Core technical contributions: 1. QR decomposition in place of eigendecomposition: achieves SOAP-level per-iteration runtime. 2. EMA eigenvalue estimation: a correction scheme for use with stale eigenbases.

\[\begin{pmatrix}\boldsymbol{\lambda}_a \\ \boldsymbol{\lambda}_b\end{pmatrix} \leftarrow (1-\beta_2)\begin{pmatrix}\boldsymbol{\lambda}_a \\ \boldsymbol{\lambda}_b\end{pmatrix} + \beta_2\begin{pmatrix}\text{diag}(\boldsymbol{Q}_a^\top \Delta_a \boldsymbol{Q}_a) \\ \text{diag}(\boldsymbol{Q}_b^\top \Delta_b \boldsymbol{Q}_b)\end{pmatrix}\]

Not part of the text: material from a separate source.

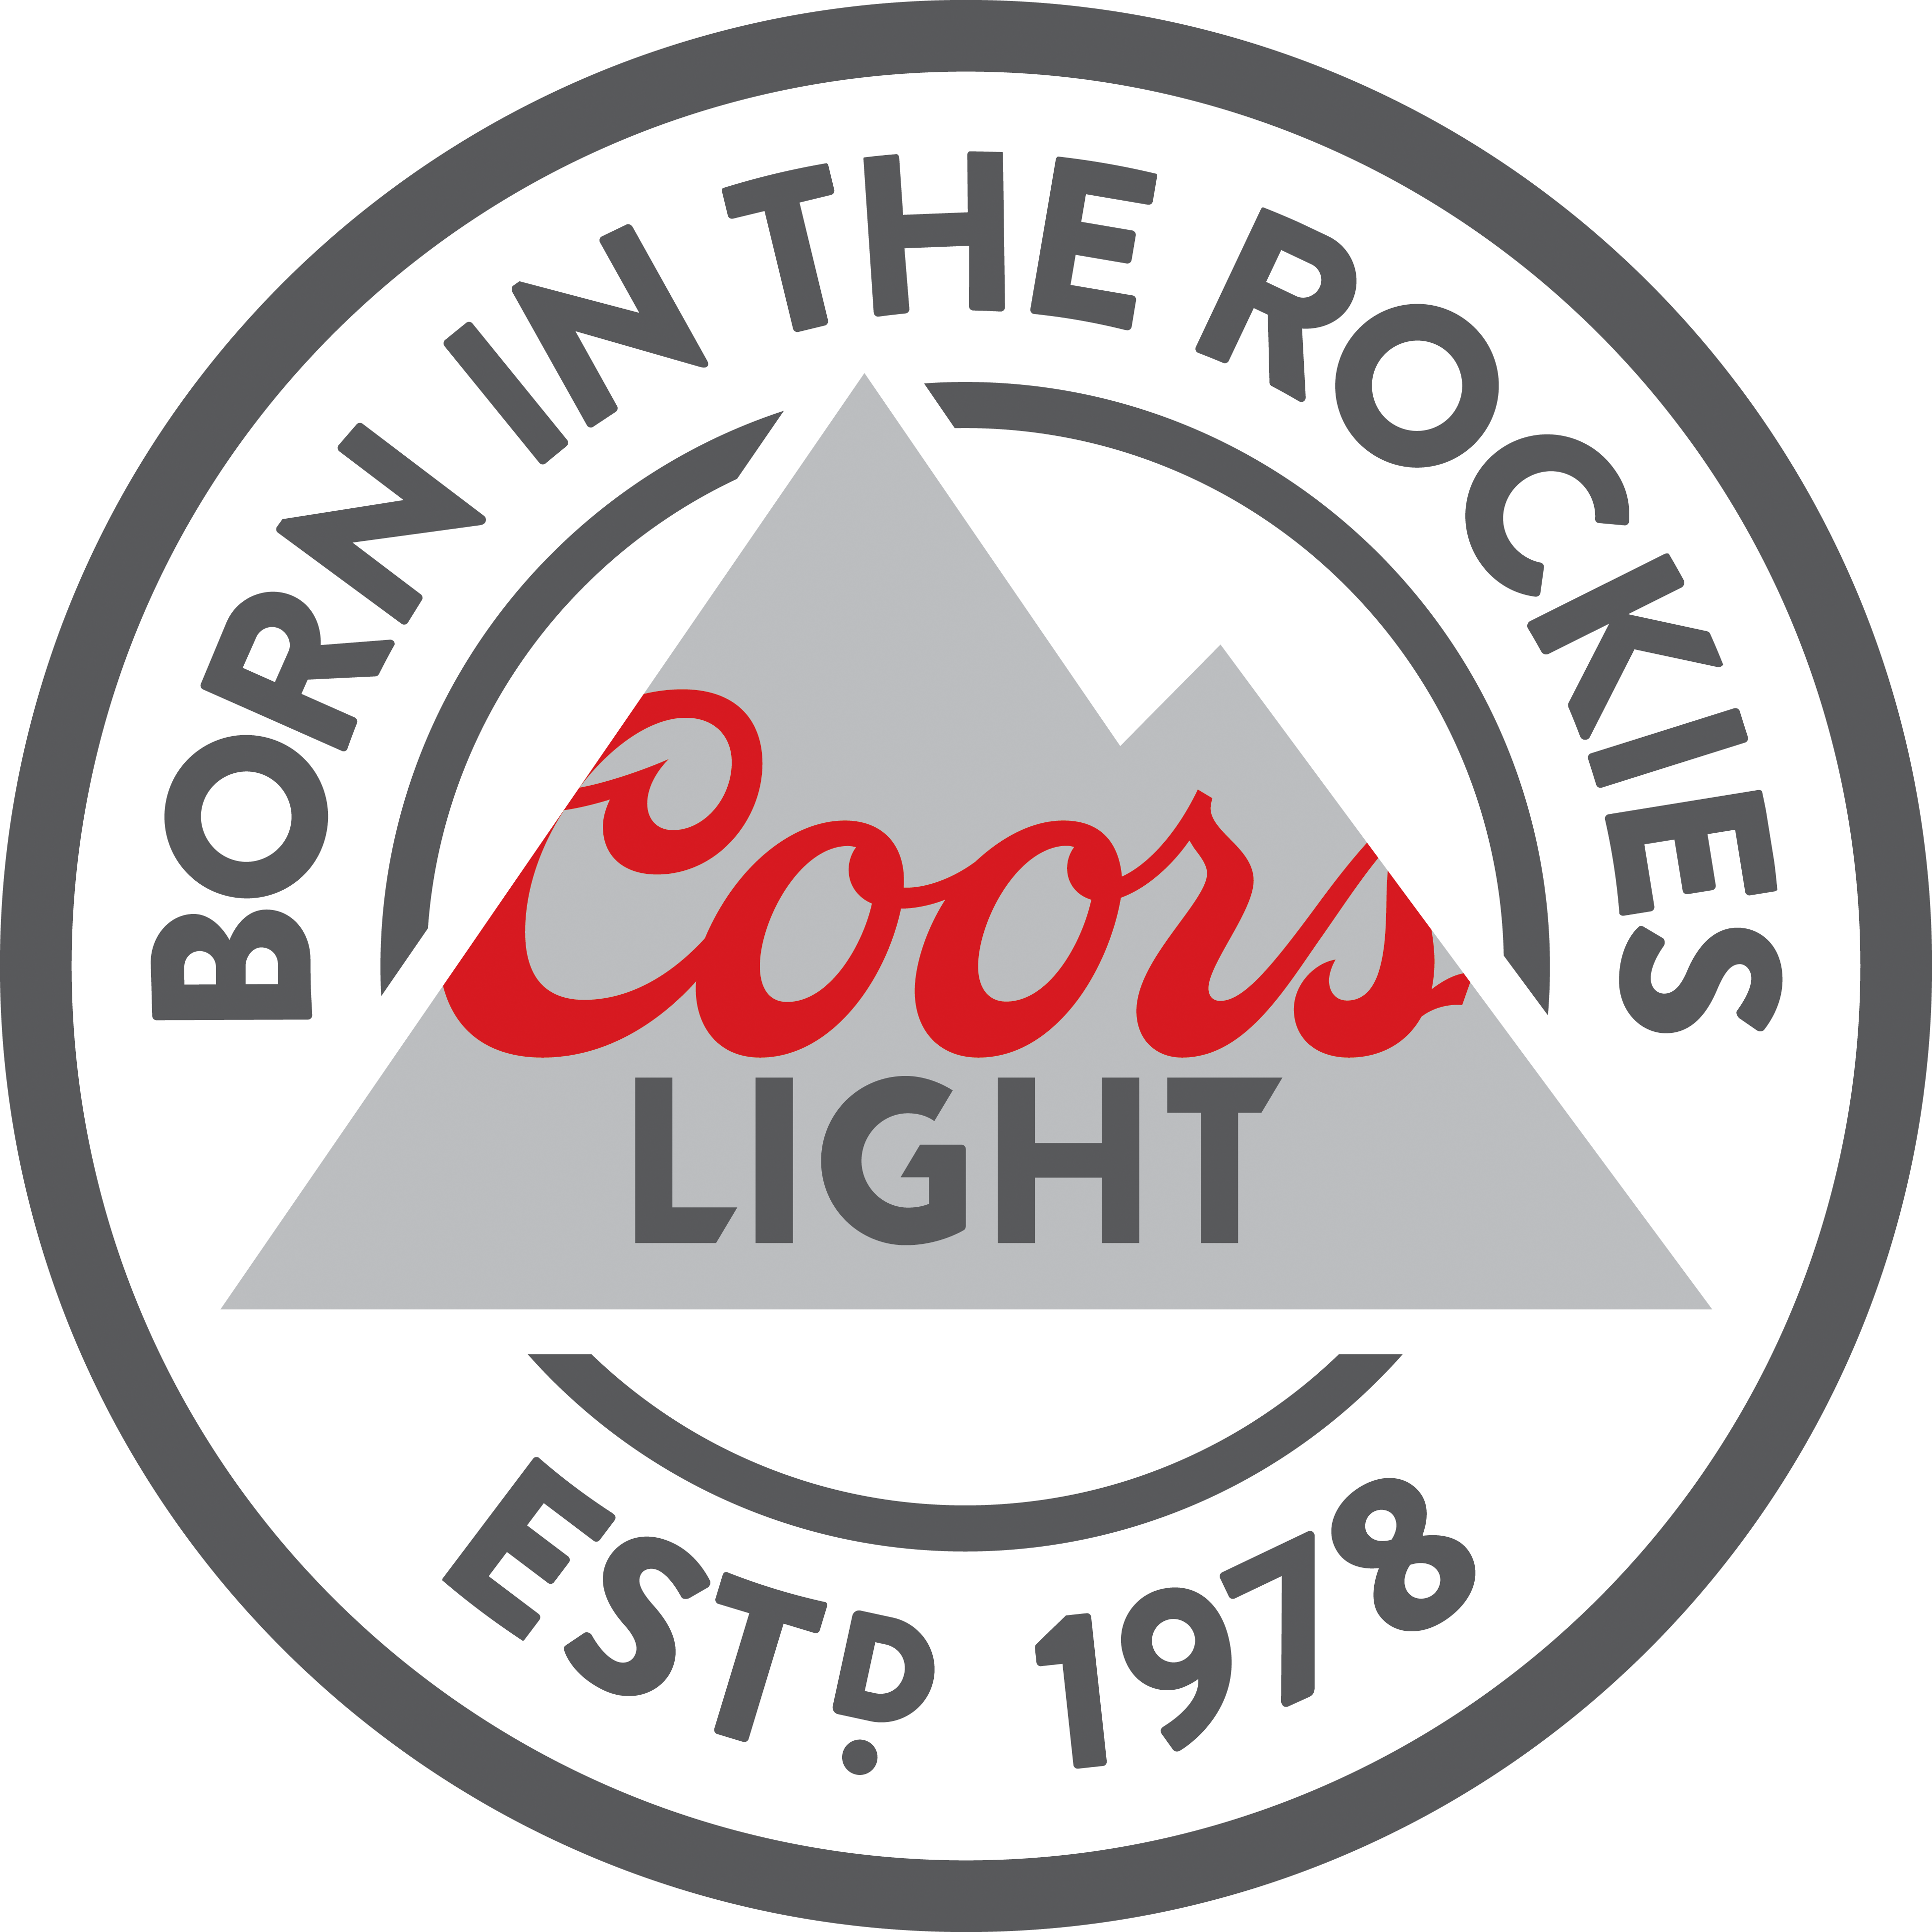 Coors Logo

Unified Framework: Divergence-Projection Perspective

Method Divergence Preconditioner Structure Estimation Scheme
KL-Shampoo KL Dense Kronecker Maximum likelihood
Adafactor von Neumann Diagonal Kronecker Matrix moment matching
F-Shampoo Frobenius Dense Kronecker SVD-based

Memory Comparison

Method Kronecker Eigenbasis Eigenvalues Adam 2nd moment Extra overhead
Shampoo \(d_a^2+d_b^2\) \(d_a^2+d_b^2\) \(d_a+d_b\) \(d_a d_b\) (grafting) Yes
SOAP \(d_a^2+d_b^2\) \(d_a^2+d_b^2\) N/A \(d_a d_b\) (eigenbasis) Yes
KL-Shampoo \(d_a^2+d_b^2\) \(d_a^2+d_b^2\) \(d_a+d_b\) None None

Key Experimental Results

Language Model Pretraining

Fair comparison using 150 random hyperparameter searches:

Model KL-Shampoo SOAP Shampoo+grafting Shampoo (no grafting)
NanoGPT (123M) Lowest loss 2nd 3rd Poor
NanoRWKV7 (162M) Lowest loss 2nd Middle Complete failure
Llama (134M) Lowest loss 2nd
NanoMoE (227M, 3D tensors) Lowest loss 2nd

Key Findings

  1. KL-Shampoo consistently outperforms SOAP: across all 4 models—a surprising result.
  2. KL-Shampoo requires no grafting: Shampoo (\(p=1/2\)) without grafting fails in all 150 runs on RWKV7.
  3. KL-Shampoo outperforms KL-SOAP: the core reason is that at the optimal eigenbasis, gradients are already Kronecker-diagonalized, making the additional Adam correction redundant.
  4. EMA eigenvalue estimation is critical: instantaneous estimation degrades severely when using a stale eigenbasis.
  5. VN-Shampoo (trace scaling) + EMA scheme also surpasses SOAP.

Highlights & Insights

  1. Deep theoretical insight: the KL perspective provides a unified interpretation of Shampoo, SOAP, and Adafactor.
  2. Practical improvement: eliminates Adam dependency, reduces memory, and maintains SOAP-level runtime.
  3. Explanation for KL-Shampoo > KL-SOAP: at the optimal eigenbasis, matrix Gaussian whitening is already satisfied, and no further diagonal correction is needed.
  4. Natural extension to tensors: the KL framework directly supports 3D+ weight tensors without reshaping.

Limitations & Future Work

  1. The EMA scheme of KL-Shampoo introduces additional matrix multiplications (\(\boldsymbol{G}\boldsymbol{S}_b^{-1}\boldsymbol{G}^\top\)).
  2. The theoretical analysis assumes zero-mean Gaussian gradients, which may not hold in practice.
  3. Experiments are primarily conducted on 100–200M scale models; billion-parameter regimes remain untested.
  4. QR decomposition does not support half precision in PyTorch, requiring precision casting.
  • Shampoo: Gupta et al. (2018) — original Kronecker preconditioner.
  • SOAP: Vyas et al. (2025a) — runs Adam in the Shampoo eigenbasis.
  • Quasi-Newton methods: BFGS/DFP — classical applications of KL divergence.
  • Second-order optimization: K-FAC, EKFAC — Fisher information matrix approximations.

Rating

  • Novelty: ⭐⭐⭐⭐⭐ — The KL perspective provides a deep and unified new understanding.
  • Experimental Thoroughness: ⭐⭐⭐⭐ — Fair comparison with 150 random searches is highly convincing.
  • Writing Quality: ⭐⭐⭐⭐ — Mathematically rigorous, though somewhat lengthy.
  • Value: ⭐⭐⭐⭐⭐ — Significant practical improvements with reduced memory and better performance.